Ces paroles, empreintes d'un accent de profonde terreur que leur donnait la conviction, firent impression sur le roi et éteignirent sa colère, par cela même qu'elles la supposaient plus grande qu'elle n'était. Il pensa qu'en effet François pouvait craindre un assassinat, et que ce meurtre eût été un fratricide. Alors il lui passa comme un vertige, à l'idée que sa famille, famille maudite comme toutes celles dans lesquelles doit s'éteindre une race, il lui passa un vertige en songeant que, dans sa famille, les frères assassinaient les frères par tradition.
– Non, dit-il, vous vous trompez, mon frère, et le roi ne vous veut aucun mal du genre de celui que vous redoutez; du moins vous avez lutté, avouez-vous vaincu. Vous savez que le roi est le maître, ou si vous l'ignoriez, vous le savez maintenant. Eh bien, dites-le, non seulement tout bas, mais encore tout haut.

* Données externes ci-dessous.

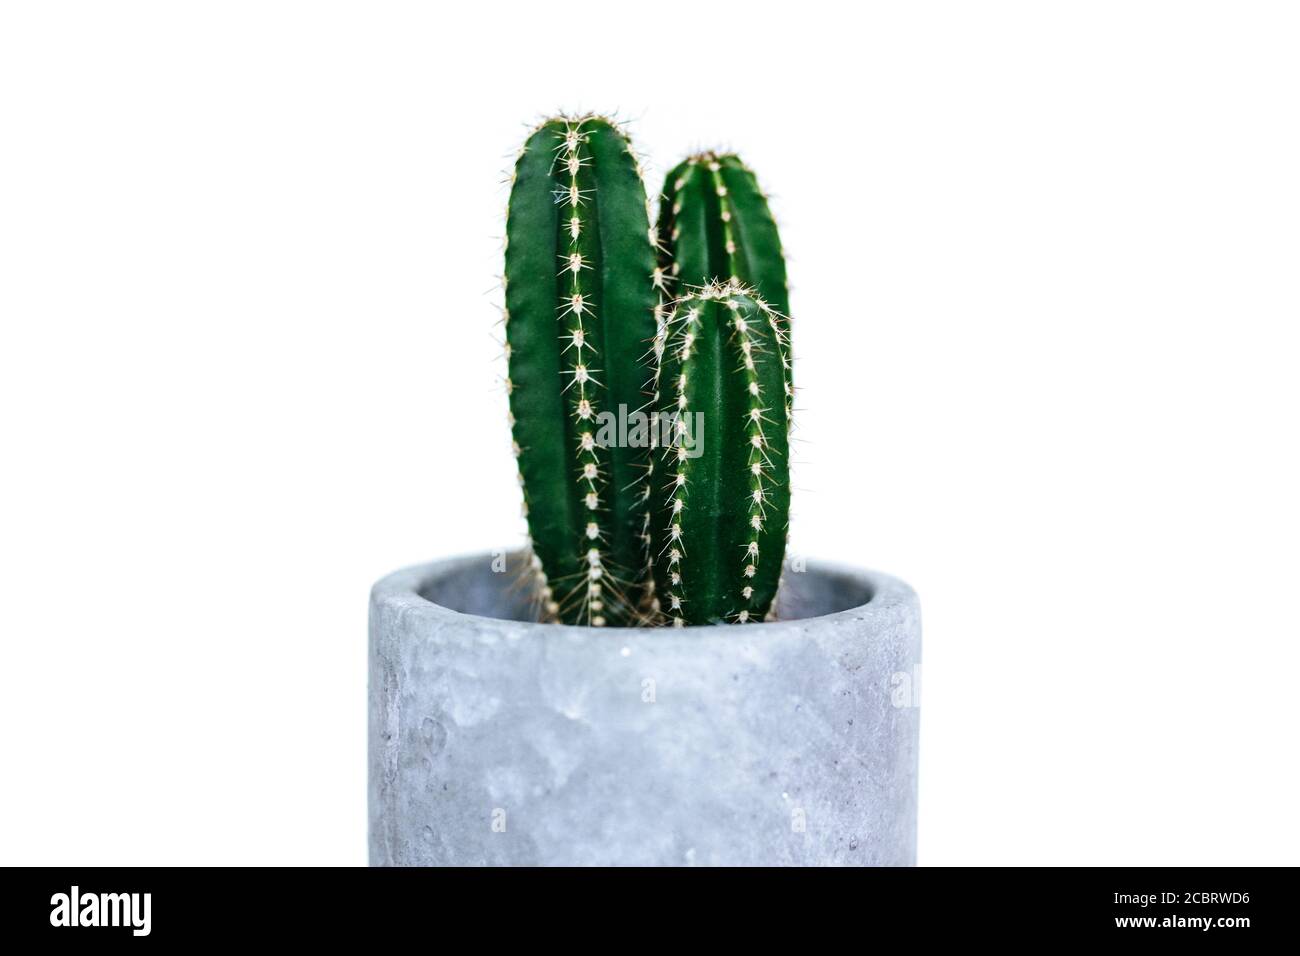 Small Tree cactus plant in a grey concrete flowerpot isolated on white background Stock Photo

– Oh! je le dis, mon frère, je le proclame, s'écria le duc.
– Fort bien. Cette lettre, alors… car le roi vous ordonne de lui rendre cette lettre.
Le duc d'Anjou laissa tomber le papier.
Le roi le ramassa, et, sans le lire, le plia et l'enferma dans son aumônière.
– Est-ce tout, sire? dit le duc avec son regard louche.
– Non, monsieur, dit Henri, il vous faudra encore pour cette rébellion, qui heureusement n'a point eu de fâcheux résultats, il vous faudra, si vous le voulez bien, garder la chambre jusqu'à ce que mes soupçons à votre égard aient été complètement dissipés. Vous êtes ici, l'appartement vous est familier, commode, et n'a pas trop l'air d'une prison; restez-y. Vous aurez bonne compagnie, du moins de l'autre côté de la porte, car, pour cette nuit, ces quatre messieurs vous garderont; demain matin ils seront relevés par un poste de Suisses.